Do not trust the marketing of breakfast cereals. It is full of dubious claims and outright lies about health and wellbeing. The cereal industry thrives on convenience and marketing peer pressure (jungle cartoons?). They know all it takes is a chair, a bowl, some sugar and some milk, and the first meal of the day is ‘sorted’ for many stressed parents. Many cereals claim to be good for us, despite containing ten heaped spoonfuls of sugar per helping, no fibre, no nutrition at all, and unhealthy levels of fat and salt. The ‘puffed, snapped, crackled and popped’ breakfast cereals really means that the structure of grains has been altered and denatured. This production line (called extrusion) forces the grains through tiny holes at very high temperatures and pressure. The extrusion process disrupts and distorts the precisely folded proteins in the grains; it renders the food toxic to the nervous system and destroys the nutrients leaving acidic, anti-nutrient starch. Then white sugar, additives, chemicals and preservatives are added. And when we eat them we add reconstituted pasteurised cow’s milk and more white sugar. Extruded cereals are cheap, nasty and nutritionally empty and strip the body of nutrients. The sugar, high-fructose corn syrup, artificial flavouring and partially hydrogenated fat content make them deadly and addictive.

4. Authentic sourdough bread versus commercial white bread

The original bread-making process took 48 hours of slow, natural fermentation of small amounts of naturally occurring strains of yeast inside the wholegrains. This creates ‘good’ lactic acid bacteria, which unlock the nutrients in the wholegrains so they can be fully utilised by our bodies, strengthening and supporting our intestinal immune system. Fermentation means that the food proteins are modified for the better and the starches are changed to digestible sugars. Natural folate is one great example: if you ferment bread for six hours rather than zero hours the amount of folate doubles. Most Western societies have major issues with folate-depleted women, leading to conception and birthing issues.

5. Fresh potatoes versus French fries

Whole potatoes are a superfood high in fibre, vitamin C and potassium and contain a vast range of minerals, vitamins, plantioxidants and polyphenols. French fries or hot chips are peeled, cut, blanched, dried, drenched in sodium, mixed with additives and preservatives, starch-coated, dipped in dubious fats and then pre-fried in cheap oil. They are deep-fried again before being served with more added salt and processed sauce, which is made of white flour, white sugar and synthetic additives.
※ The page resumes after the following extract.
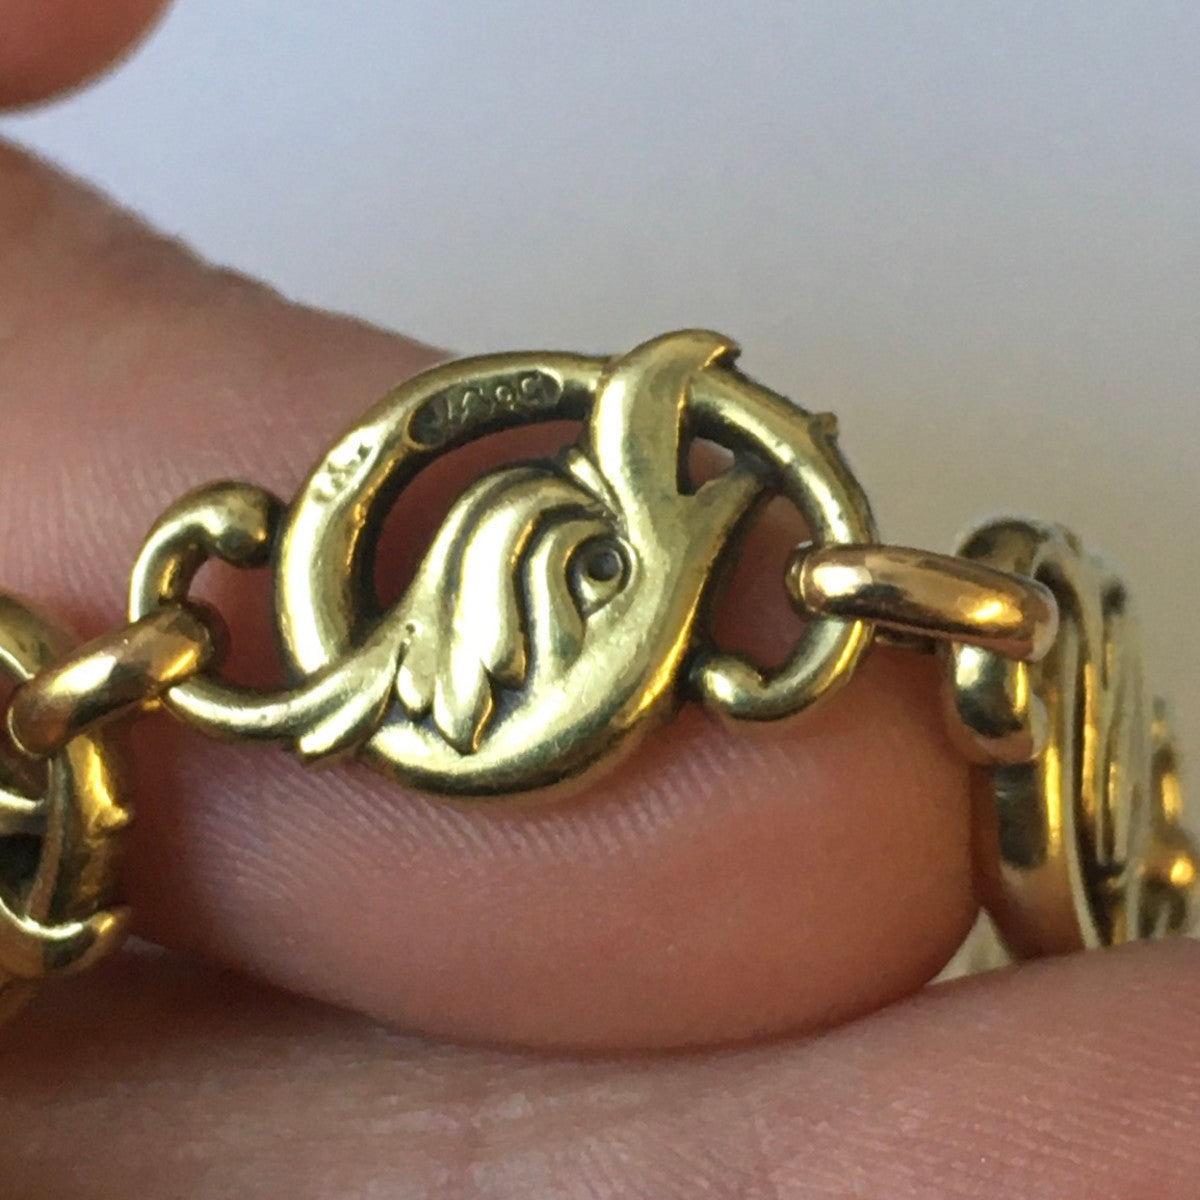 Carl Faberge Russian Art Nouveau 18KT Yellow Gold Bracelet close-up details

French fries, pre-made and then deep-fried, are one of the worst kinds of refined processed carbohydrate there is, particularly when eaten with processed meat.

Read ingredients panels (RIP) or rest in peace

Be fully aware of exactly what you are eating because if you are not aware, you will end up eating a meat-heavy, sugar-rich, highly-processed and low-fibre refined diet by default.

Now we are more awake to our foods, habits and body, we are ready to rebuild our health. We are educated on how to shop and buy foods and what to avoid. Now we are able to look at the biggest and most important things we can do to eat well, get well and stay well.